- _What to work on_
Give the whole listing below once more, exactly, without pictures.

- _Supplied material_

▬▬▬▬▬▬

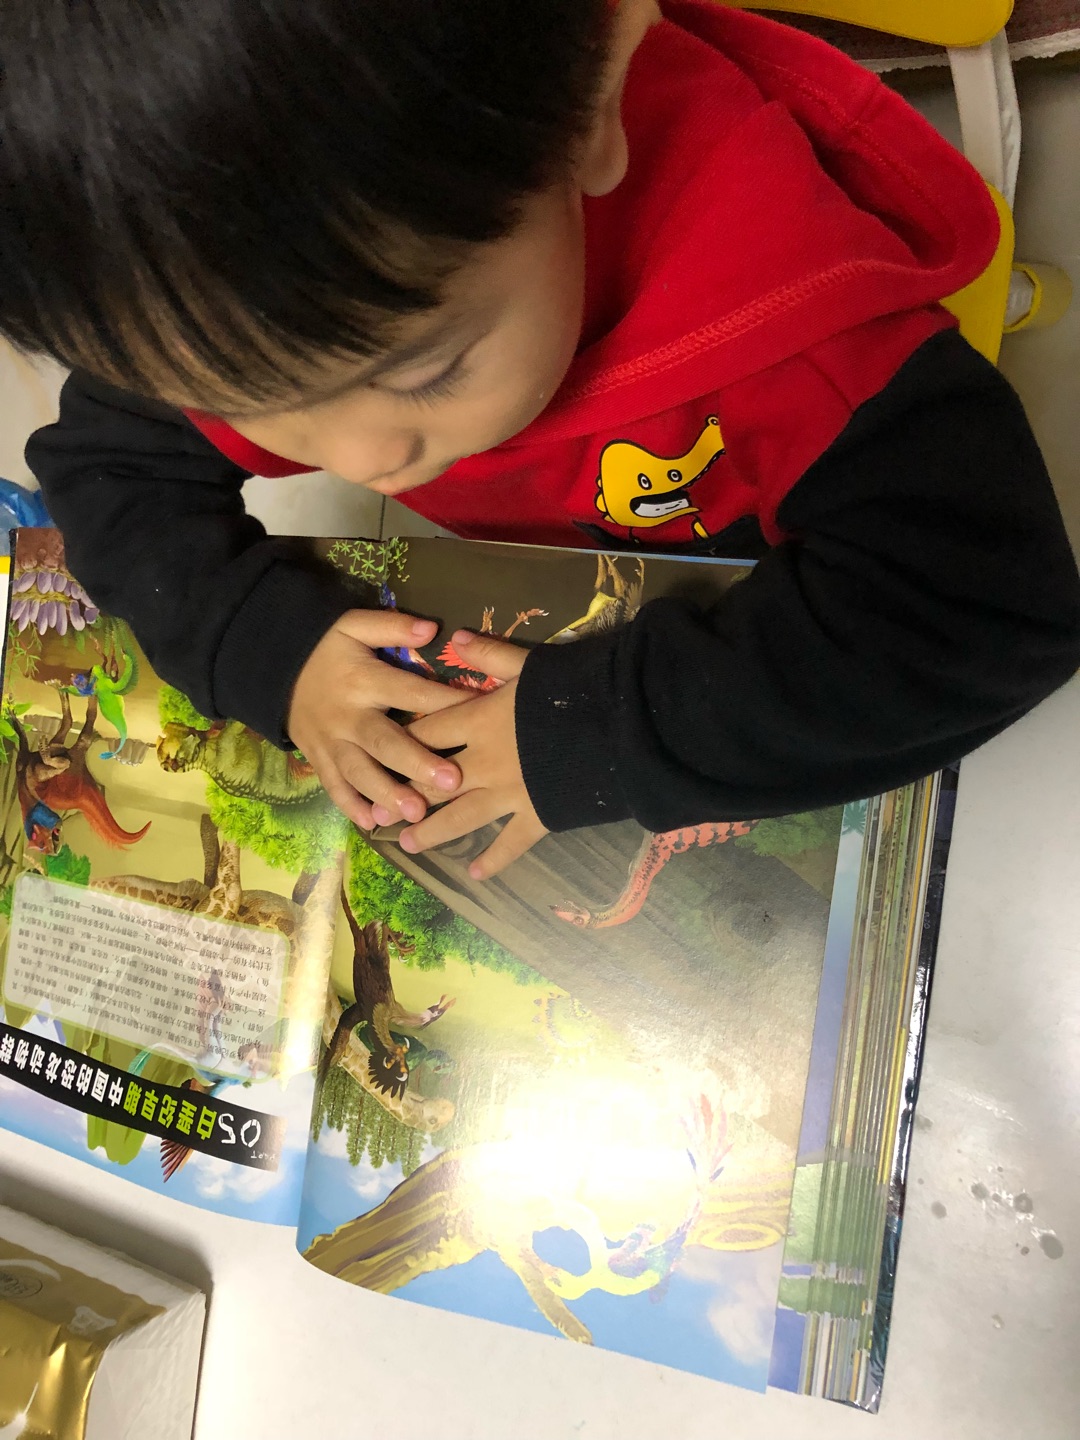 和宝宝一起阅读了《中国恐龙百科全书》，书本推荐阅读年龄7岁以上，我们年龄略小一些，但也不影响小恐龙迷的阅读兴趣。书中文字叙述不少，知识点丰富，对于低幼的我们来说有难度，家长可以简略阐述，通过大幅面的恐龙图像进行即兴讲解。这本书是以时间为主线，按五个不同时期铺开，详细介绍了曾经生活在我国的160多种恐龙，纵观全书，俨然一本字典类工具用书。书本不仅限于恐龙知识的介绍，也穿插了许多古生物学知识，横向知识扩展，让宝宝阅读的趣味性更浓。同时，个人也很推荐成年人以一本百科类图书的定位来阅读此书，在我国恐龙生物记载方面可以说是内容详实，全面，有一定的系统性，穿插的古生物学知识更能满足成人的思考需求。总之，这是一本适读年龄跨度大的书籍，推荐大家阅读。
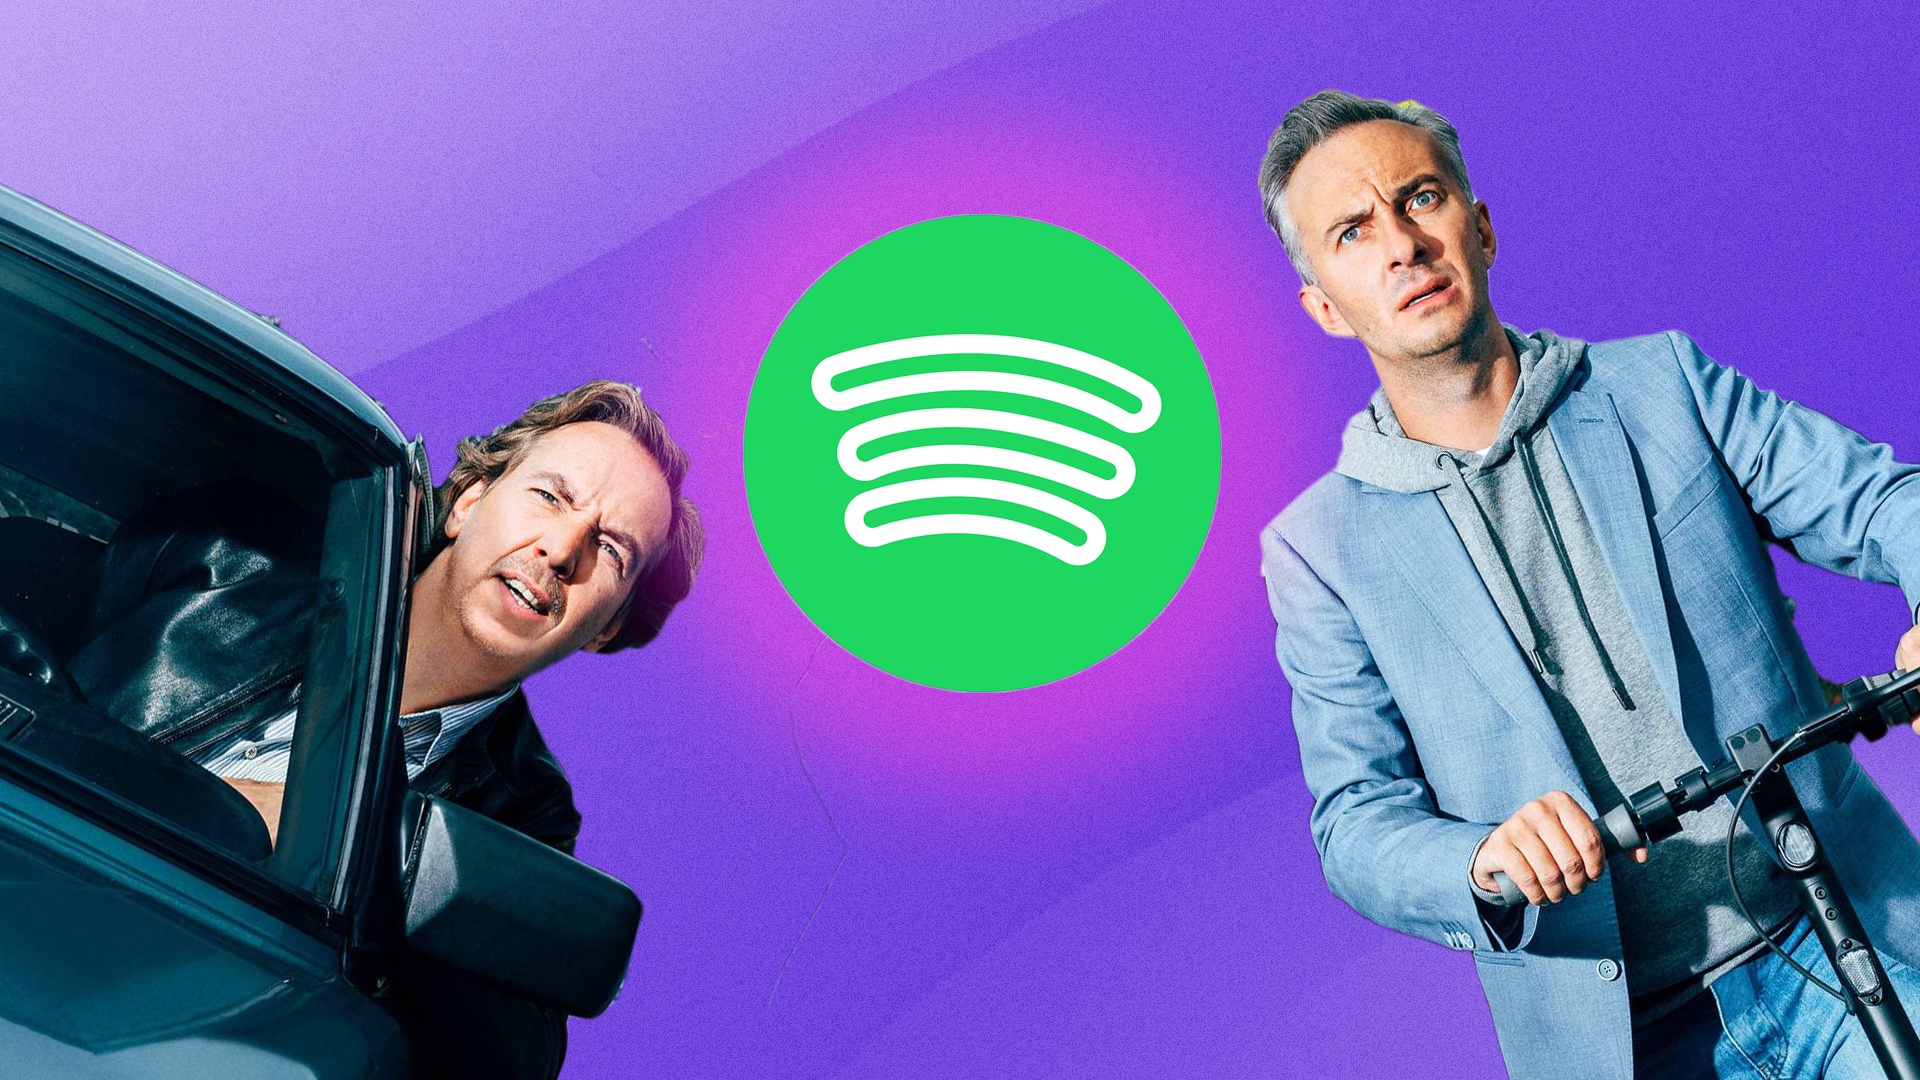 #Spotify bekommt neues Design – und verprellt damit viele Musik-Fans
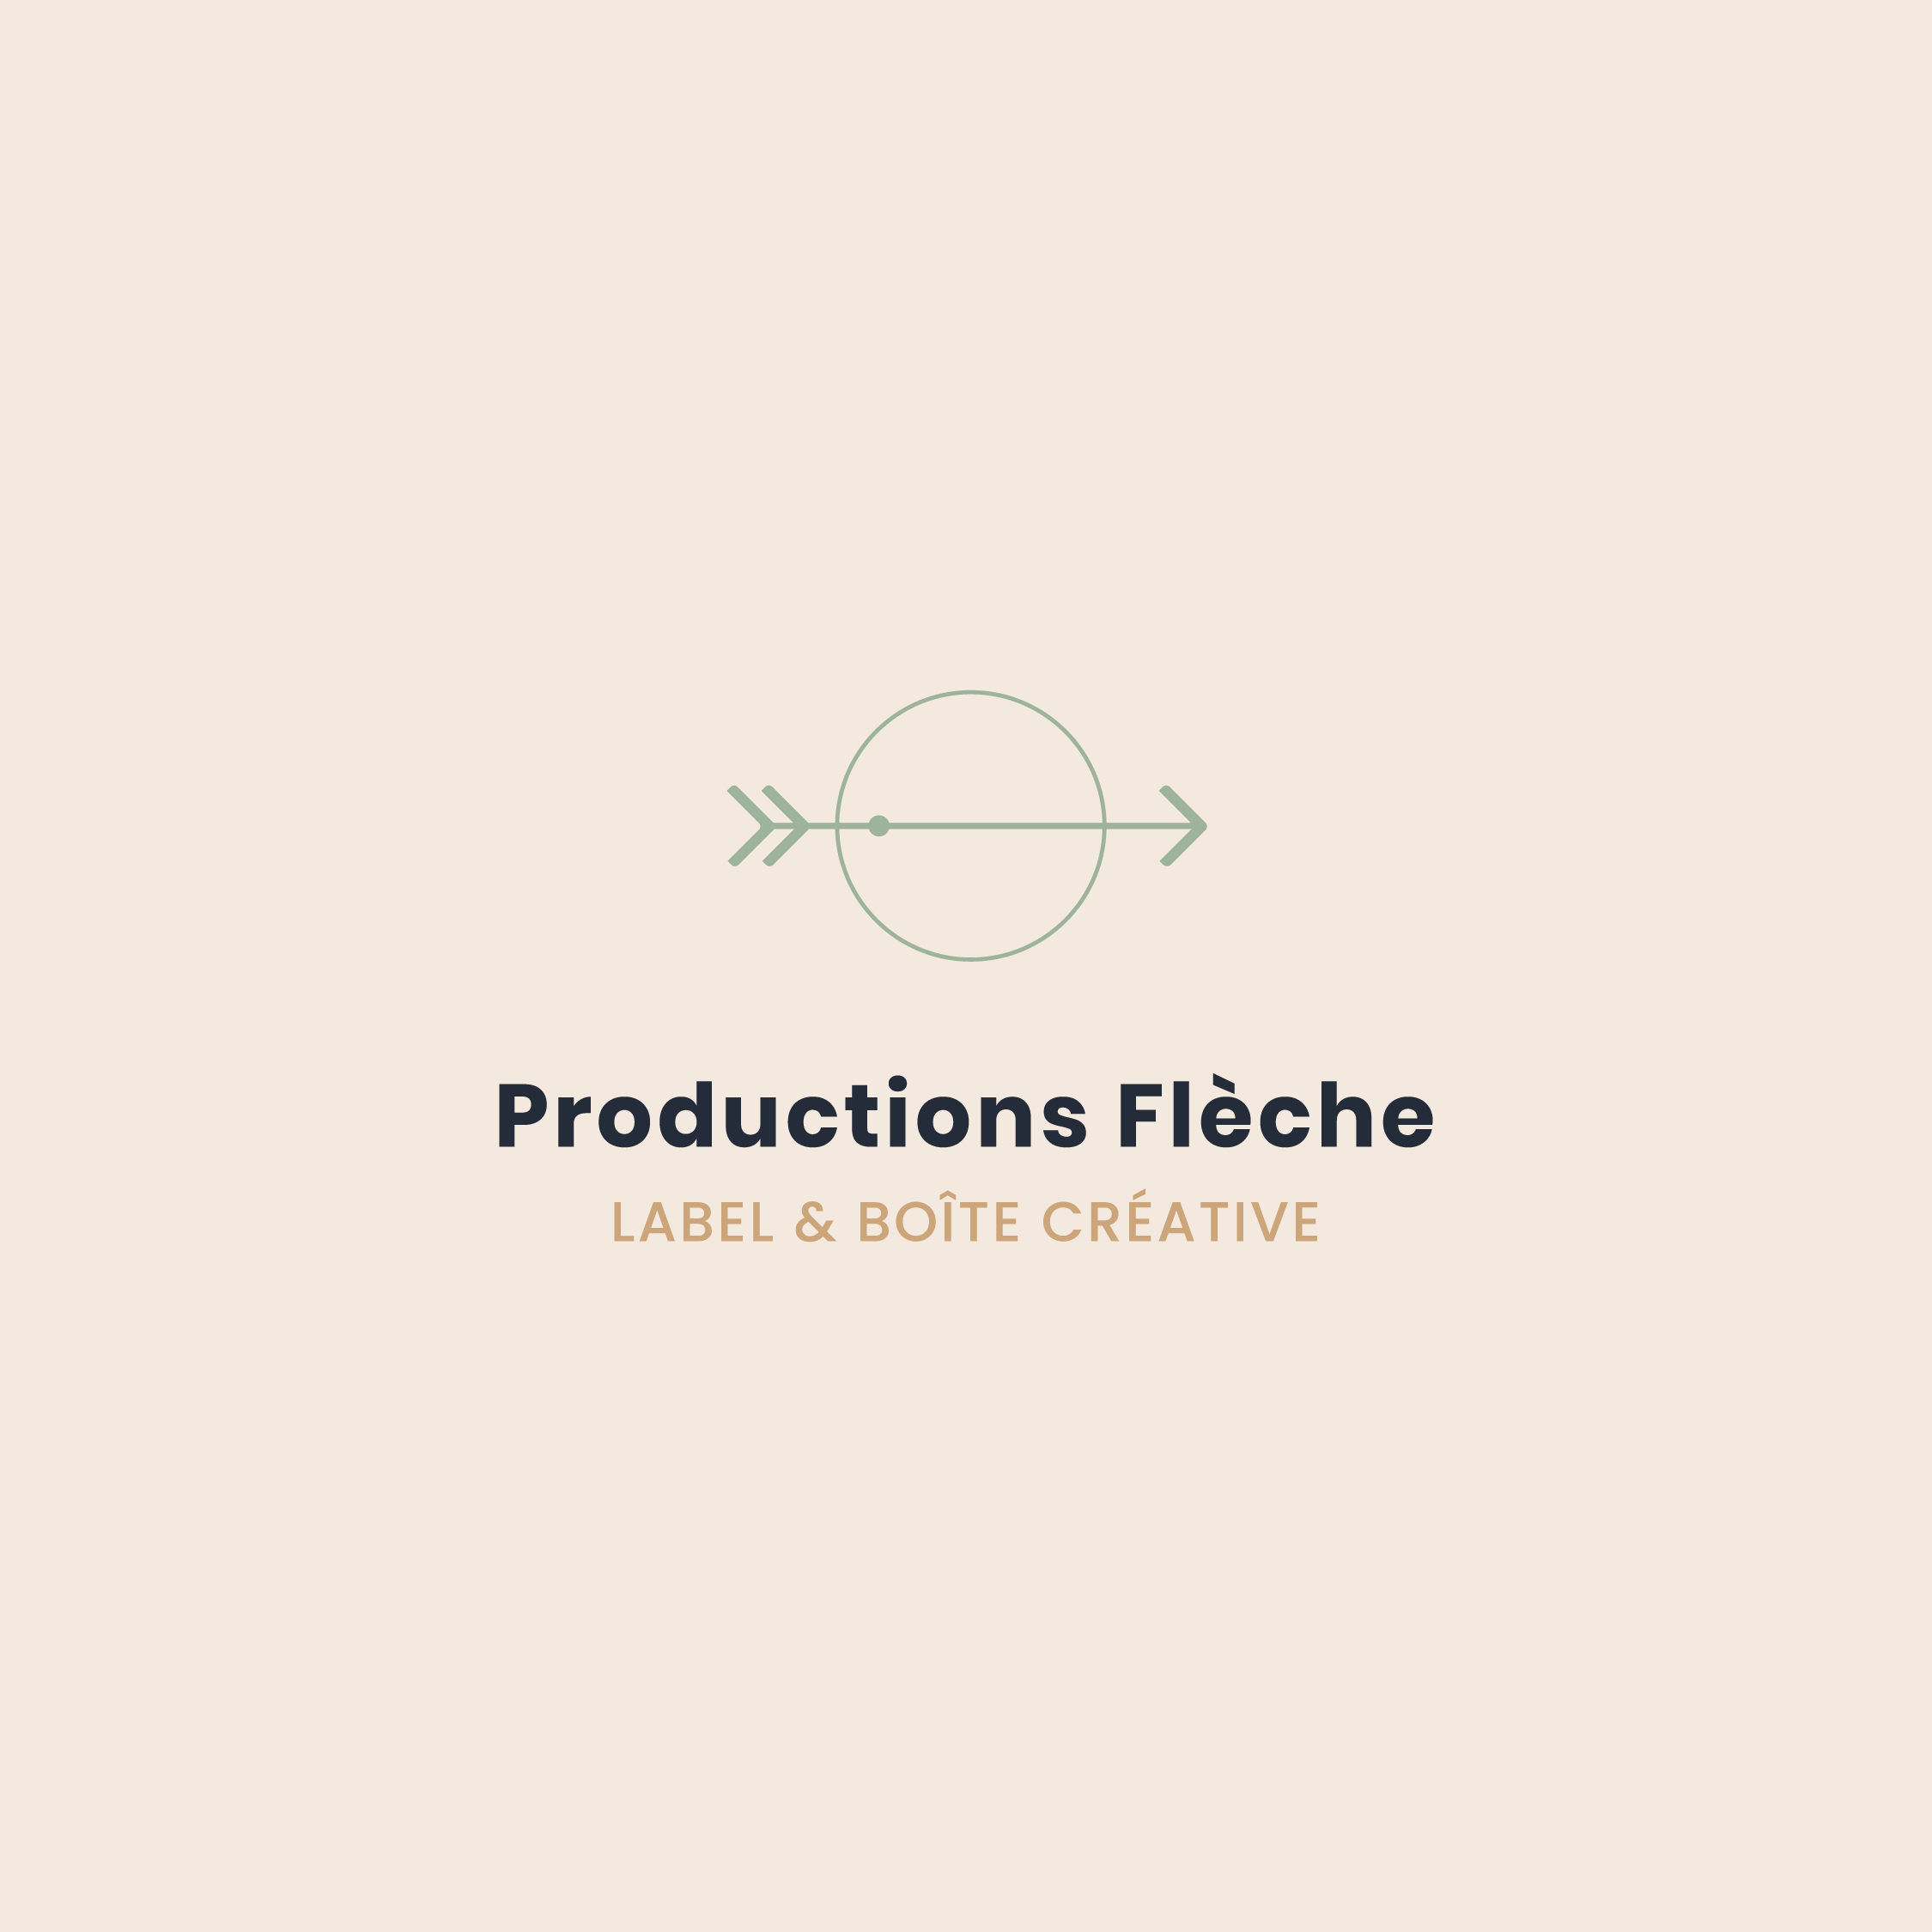 Productions Flèche par Valfeltõ

▬▬▬▬▬▬

- _Response below_
 和宝宝一起阅读了《中国恐龙百科全书》，书本推荐阅读年龄7岁以上，我们年龄略小一些，但也不影响小恐龙迷的阅读兴趣。书中文字叙述不少，知识点丰富，对于低幼的我们来说有难度，家长可以简略阐述，通过大幅面的恐龙图像进行即兴讲解。这本书是以时间为主线，按五个不同时期铺开，详细介绍了曾经生活在我国的160多种恐龙，纵观全书，俨然一本字典类工具用书。书本不仅限于恐龙知识的介绍，也穿插了许多古生物学知识，横向知识扩展，让宝宝阅读的趣味性更浓。同时，个人也很推荐成年人以一本百科类图书的定位来阅读此书，在我国恐龙生物记载方面可以说是内容详实，全面，有一定的系统性，穿插的古生物学知识更能满足成人的思考需求。总之，这是一本适读年龄跨度大的书籍，推荐大家阅读。
 #Spotify bekommt neues Design – und verprellt damit viele Musik-Fans
 Productions Flèche par Valfeltõ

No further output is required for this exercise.